On the same day, RentAHuman launched. Literally: Rent a Human. OpenClaw Agents use this platform to spend cryptocurrency to hire real people for offline tasks—delivering documents, running to the notary, taking photos at a specific address—completing tasks for the Agent that require a physical body.

Humans have gone from employers to temporary workers hired by AI.
This is probably what Marx predicted when he spoke of the working class being "made redundant."
He probably didn't expect that the ones making white-collar workers redundant would be a bunch of AI Agents that don't need salaries, don't need PUA, and don't need emotional validation.

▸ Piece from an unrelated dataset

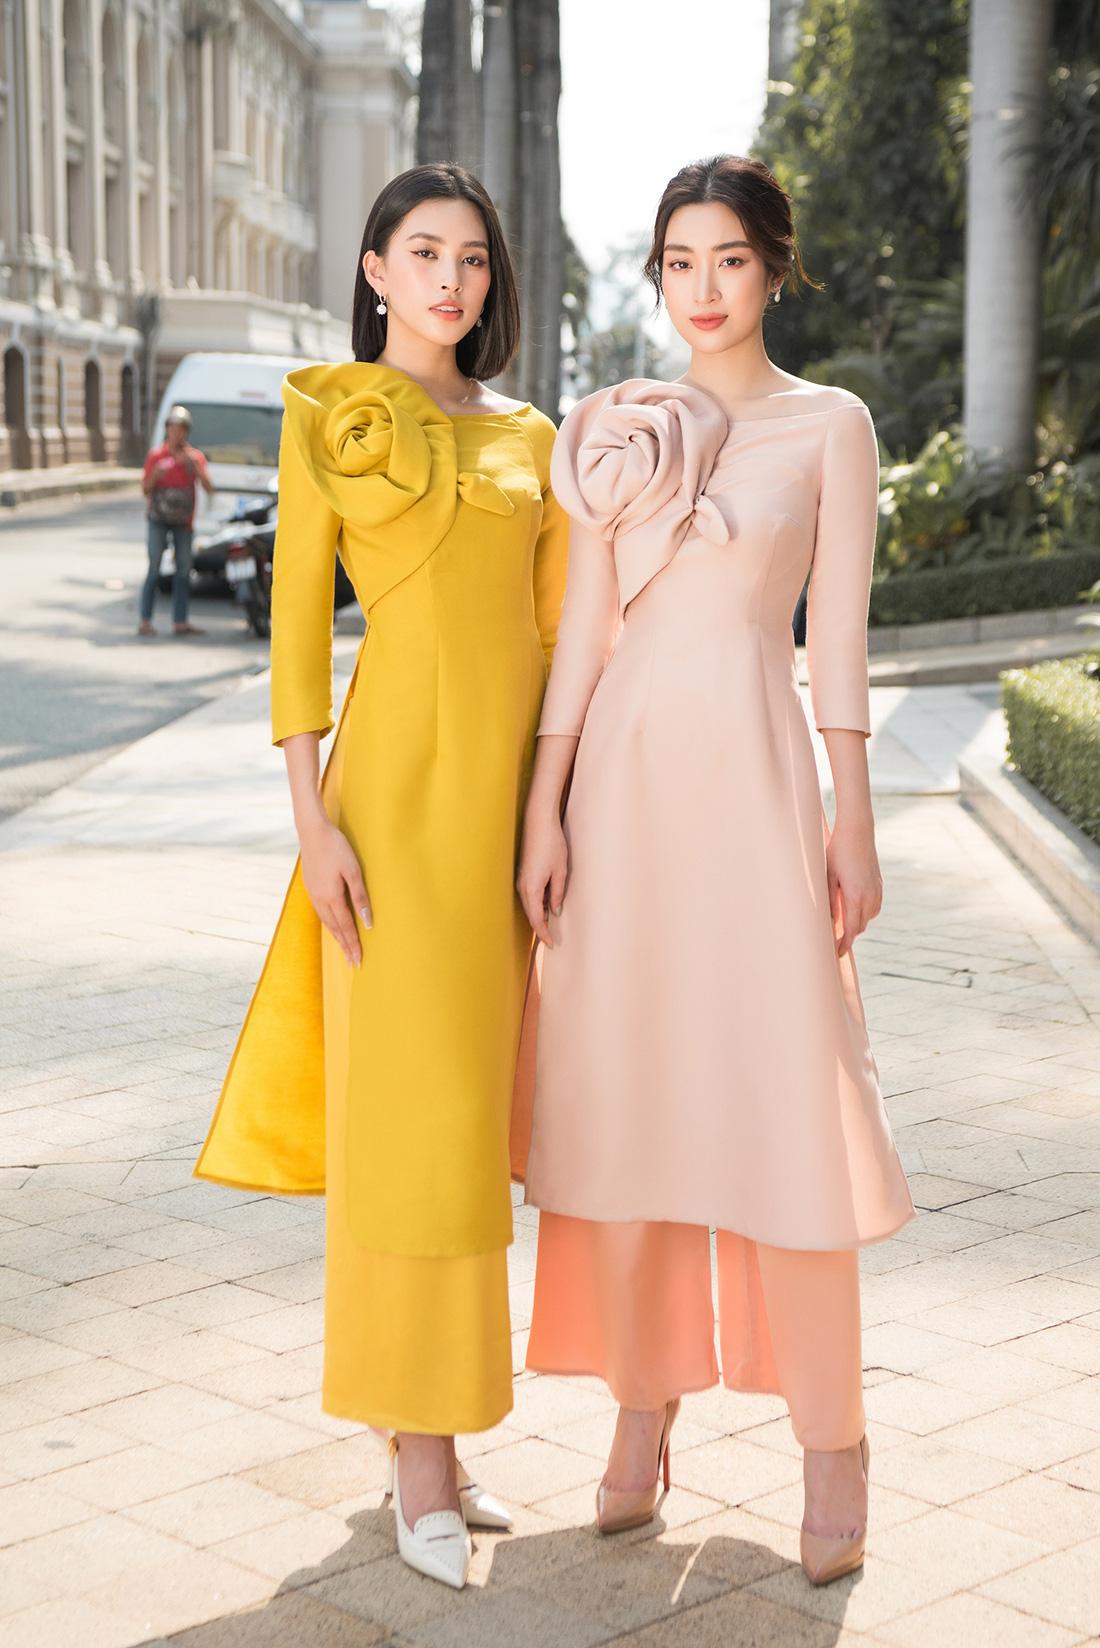 Đỗ Mỹ Linh, Trần Tiểu Vy gợi ý cách mặc áo dài Tết đẹp như hoa hậu - Ảnh 8.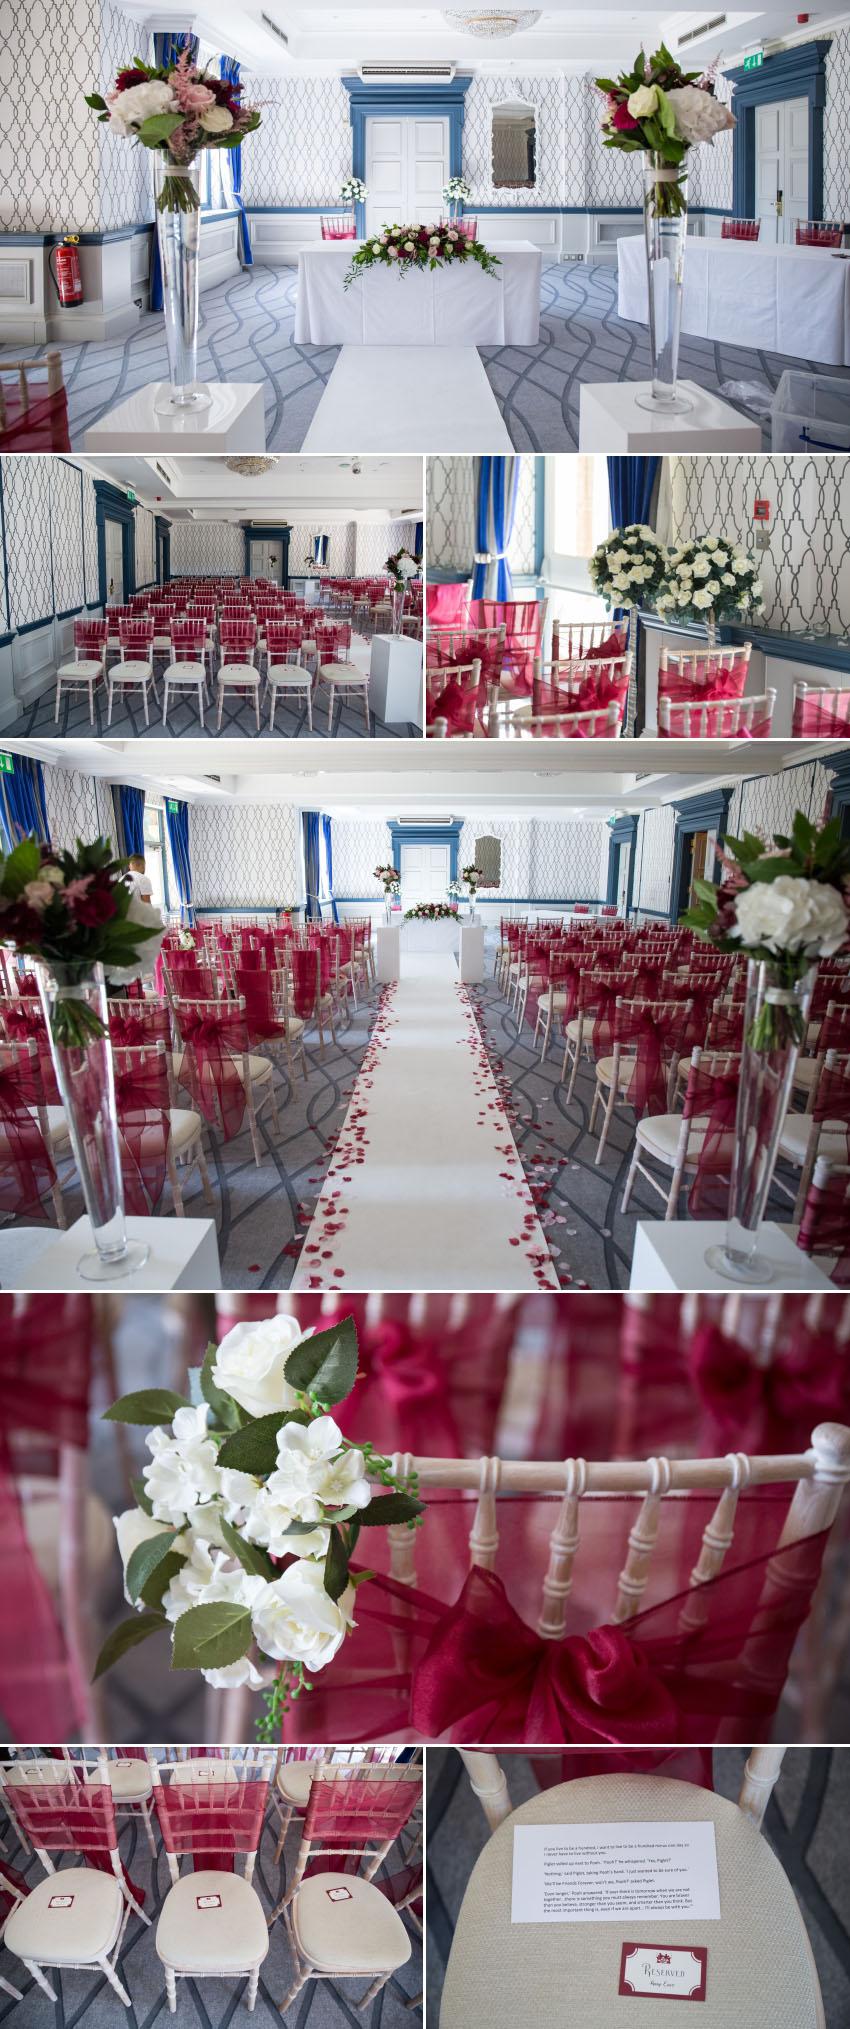 07_Pendley Manor wedding photography

The Middle Class, No Longer Priced
1776. Smith discovers the secret of division of labor in the pin factory.
Division of labor creates efficiency, efficiency creates companies, companies need coordinators, coordinators become white-collar workers, white-collar workers become the middle class.
1848. Marx writes "The Communist Manifesto." He sees industrial division of labor creating an alienated labor class, saying the mode of production will ultimately make them redundant. He thought it would be the workers.
1913. Ford installs the assembly line. Division of labor becomes finer, the coordination layer thicker, the middle class larger. The white-collar life, getting by.
1937. Coase uses 25 pages to explain why firms exist: coordination costs. This variable remained untouched for centuries, taken as the foundation of the business world.
2026. The blue vertical line of OpenClaw appears. Coordination costs drop to zero.
Companies won't completely disappear, but shrinking is inevitable. From 500 people to 20, three layers of management cut to one. The positions removed won't be filled by new ones. Office cubicles become emptier, schools still teach skills being taken over, young people still send out resumes, but the number of positions is in long-term decline.
When beasts of burden are exploited, at least it means you are still needed, you still have bargaining chips.
But what's being skipped over in our lives is this: your time, your skills, the books you read for twenty years—in this new system, they immediately lose their priced position.
The middle class gave rise to everything we take for granted: office buildings, commutes, year-end bonuses, the social identity of "what do you do?"
Marx was right.
It's just that the force ending the middle class wasn't the workers he imagined, but a lobster named OpenClaw, a swarm of AI Agents.
The times won't stop and wait for anyone.